**What you should do**
Copy the lines below exactly. No picture goes into the copy.

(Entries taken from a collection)
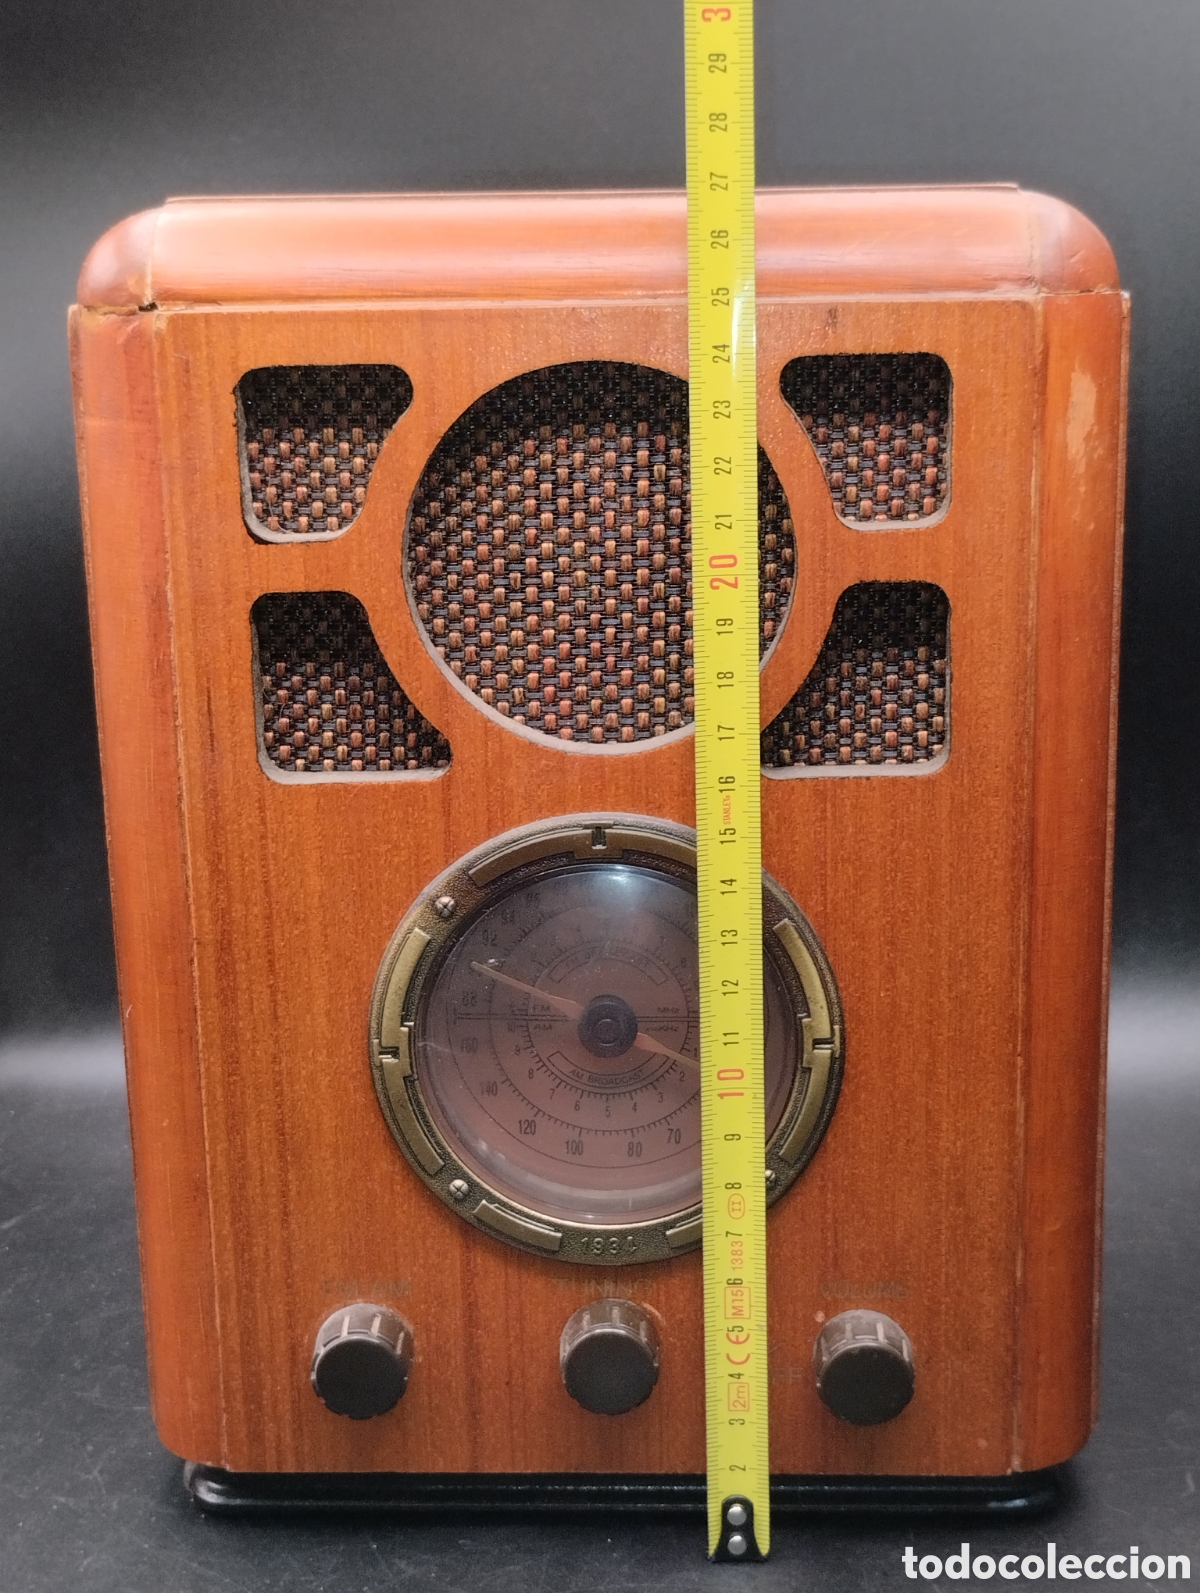 antena emisora imantada vintage - Buy Other vintage objects on todocoleccion
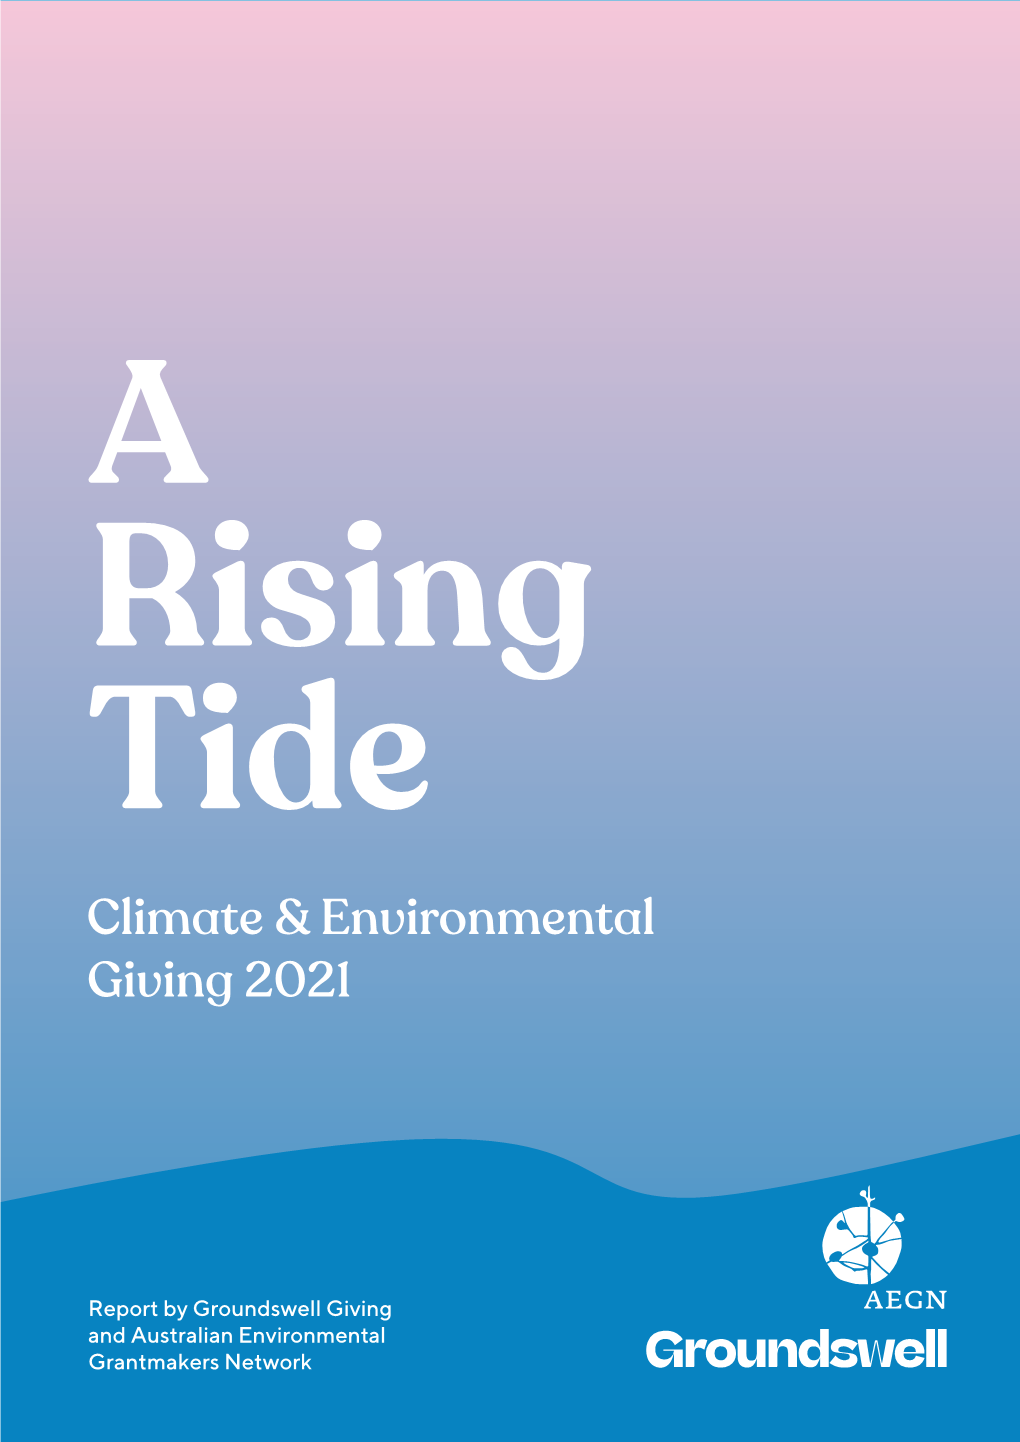 Climate & Environmental Giving 2021
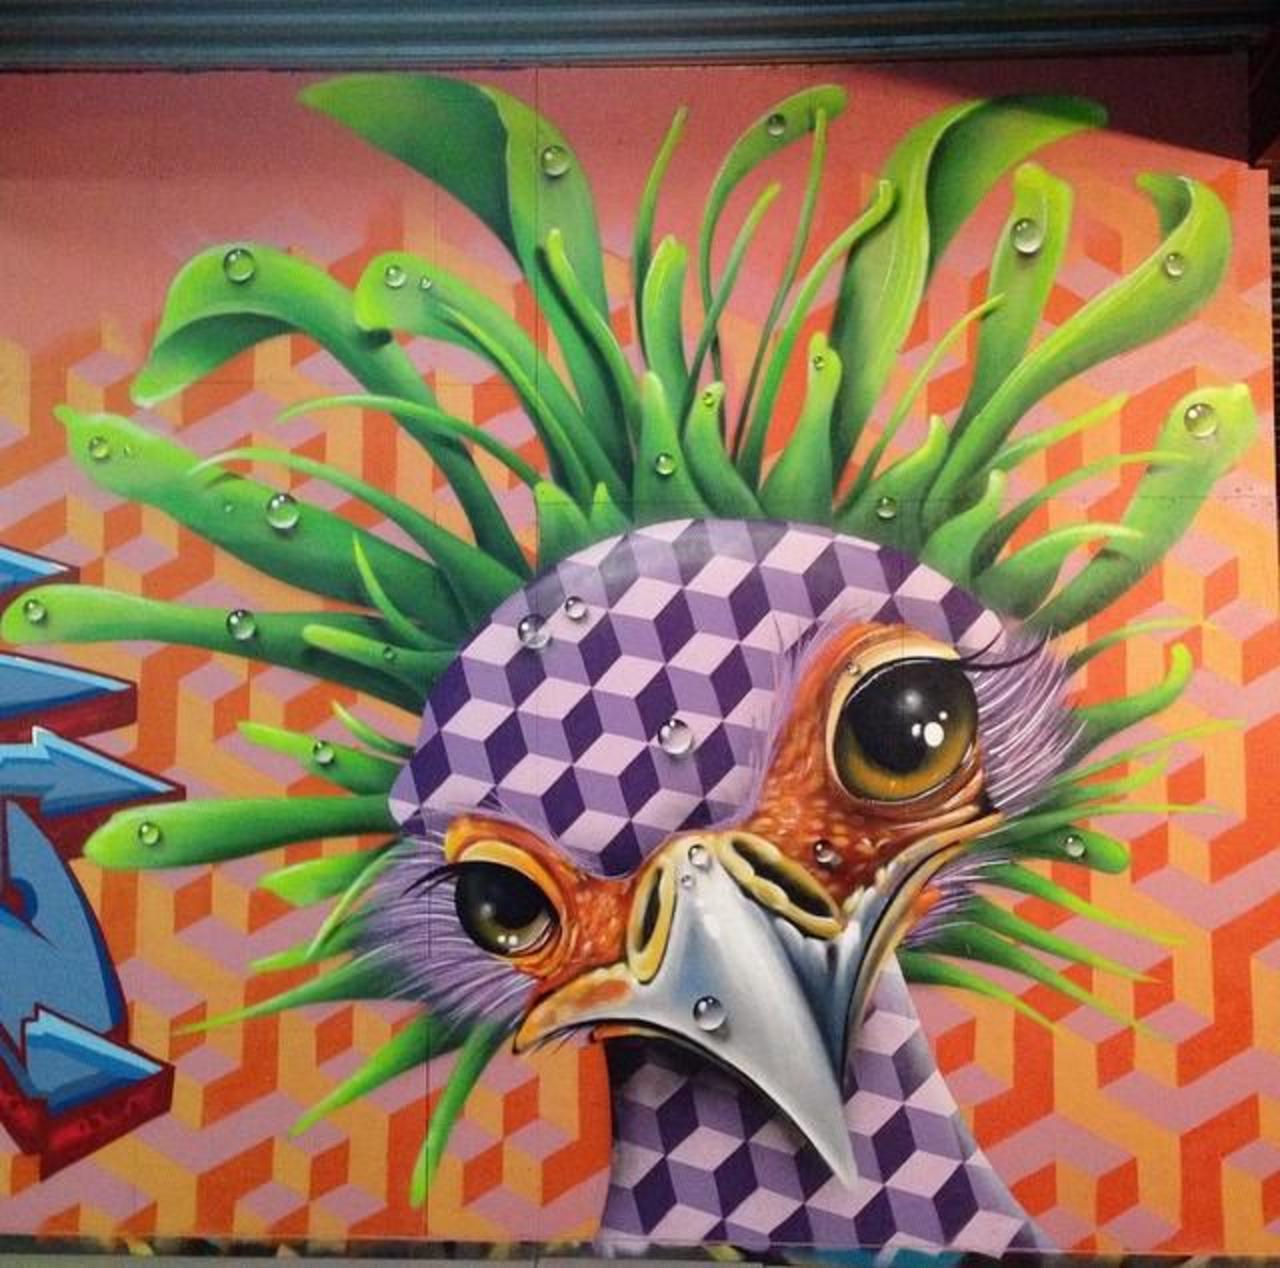 Love this nature in Street Art by artist TimTimmey 

#art #mural #graffiti #streetart http://t.co/SogNL2p2oe

RT @GoogleStreetArt @5putnik1
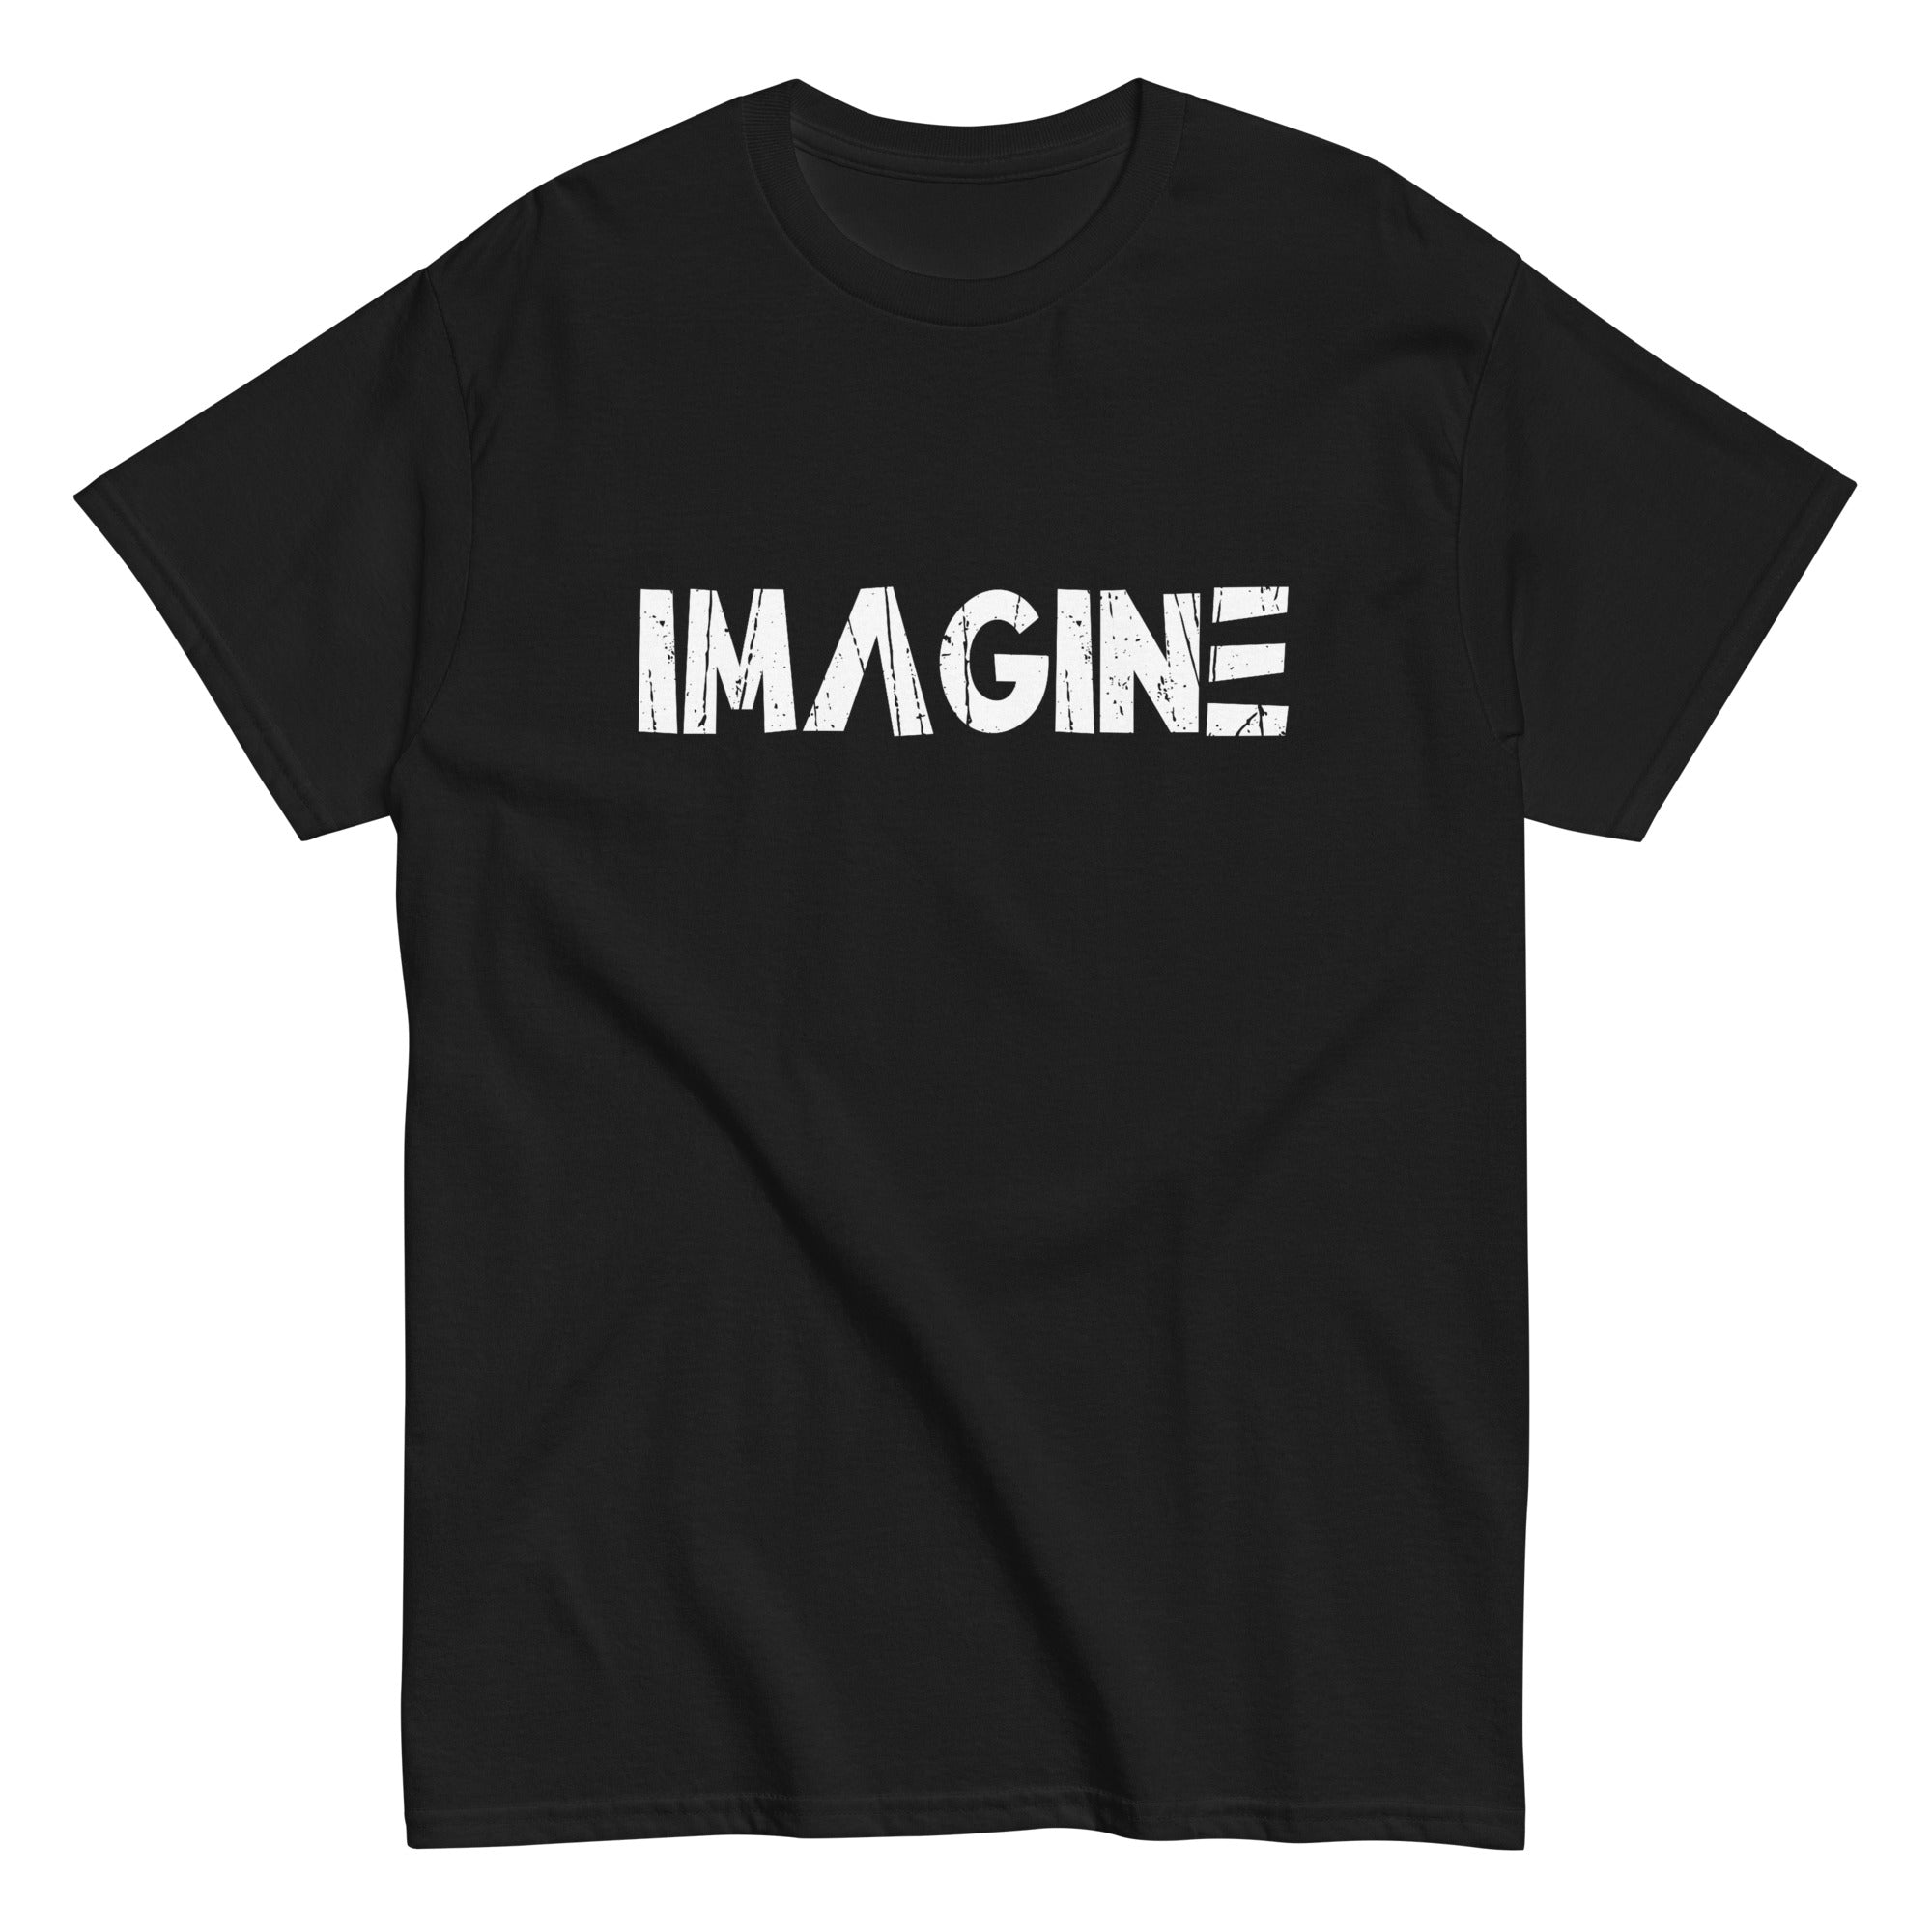 IMAGINE - Men's Classic T-Shirt

**Response**
 antena emisora imantada vintage - Buy Other vintage objects on todocoleccion
 Climate & Environmental Giving 2021
 Love this nature in Street Art by artist TimTimmey 

#art #mural #graffiti #streetart http://t.co/SogNL2p2oe

RT @GoogleStreetArt @5putnik1
 IMAGINE - Men's Classic T-Shirt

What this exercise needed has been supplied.